The 1992 verdict said: “While 50% shall be the rule, it is necessary not to put out of consideration certain extraordinary situations inherent in the great diversity of this country and the people. It might happen that in far-flung and remote areas the population inhabiting those areas might, on account of their being out of the main stream of national life and in view of conditions peculiar to and characteristical to them, need to be treated in a different way, some relaxation in this strict rule may become imperative. In doing so, extreme caution is to be exercised and a special case made out.”

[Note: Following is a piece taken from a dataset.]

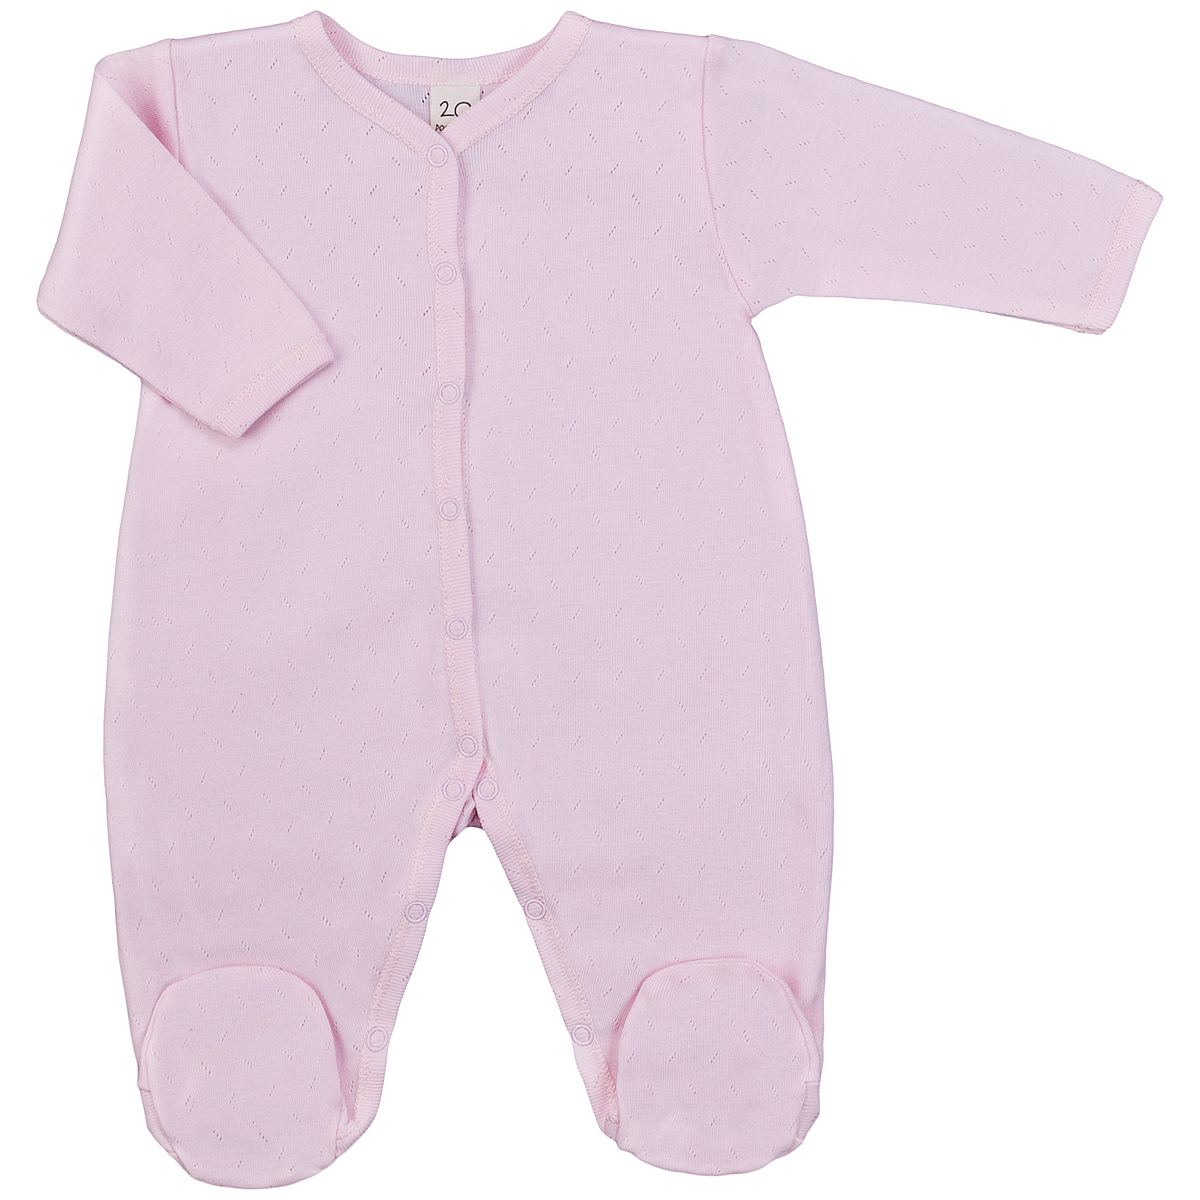 Комбинезон детский Lucky Child Ажур, цвет: розовый. 0-12. Размер 50/560-12Детский комбинезон Lucky Child - очень удобный и практичный вид одежды для малышей. Комбинезон выполнен из натурального хлопка, благодаря чему он необычайно мягкий и приятный на ощупь, не раздражают нежную кожу ребенка и хорошо вентилируются, а эластичные швы приятны телу малыша и не препятствуют его движениям. Комбинезон с длинными рукавами и закрытыми ножками имеет застежки-кнопки от горловины до щиколоток, которые помогают легко переодеть младенца или сменить подгузник.Модель выполнена из ткани с ажурным узором. С детским комбинезоном Lucky Child спинка и ножки вашего малыша всегда будут в тепле, он идеален для использования днем и незаменим ночью. Комбинезон полностью соответствует особенностям жизни младенца в ранний период, не стесняя и не ограничивая его в движениях!

And it’s this “special case” that Maharashtra’s BJP-Shiv Sena government believes it has made out through an 11-member Backward Classes Commission headed by Justice NG Gaikwad (retired), which it appointed in June 2018 and which submitted its report in November 2018. Gaikwad recommended 13 and 12 percent reservations for the community in jobs and education respectively. Then followed at lightning speed the Socially and Educationally Backward Classes (SEBC) Act, 2018 that the state Assembly passed, granting Marathas 16 percent reservation. When this law was challenged, the high court validated it, though restricting the quota to 12-13 percent, as recommended by Gaikwad.
Gaikwad’s report concluded that the community, which it claimed accounted for 30 percent of Maharashtra’s population, was under-represented in government jobs. Among other things, it also spoke of suicides by Maratha farmers and even their daughters. Happy with all this data, the high court said it was “satisfied” that an “extraordinary situation and exceptional circumstances” existed, warranting the crossing of the 50 percent limit.
The two-judge bench used its collective judicial wisdom on the basis of data available to it. But what was more striking was the eagerness of the state government to pamper Marathas with an obvious eye on the recent Lok Sabha election and the upcoming Assembly poll.
The court has acknowledged Gaikwad’s observation that Marathas are politically well-represented. This is not to suggest that the poor among them need no uplift. But whether they must have reservations to tide over agrarian distress, which triggered the latest unrest among them, is the question that Fadnavis has not answered with any degree of conviction.
If the BJP is mollycoddling Marathas to pad up its vote bank, it’s a dubious move that makes the party no different from the Congress whose notoriety for using reservations as an electoral tool is too well-known. And if the BJP is indeed using reservations as a poverty alleviation measure, it amounts to an economic illiteracy that’s equally appalling.
The last hasn’t been heard of this since the issue is set to go before the Supreme Court. In the meanwhile, however, the powerful Marathas will have the political cake — and eat the economic one too.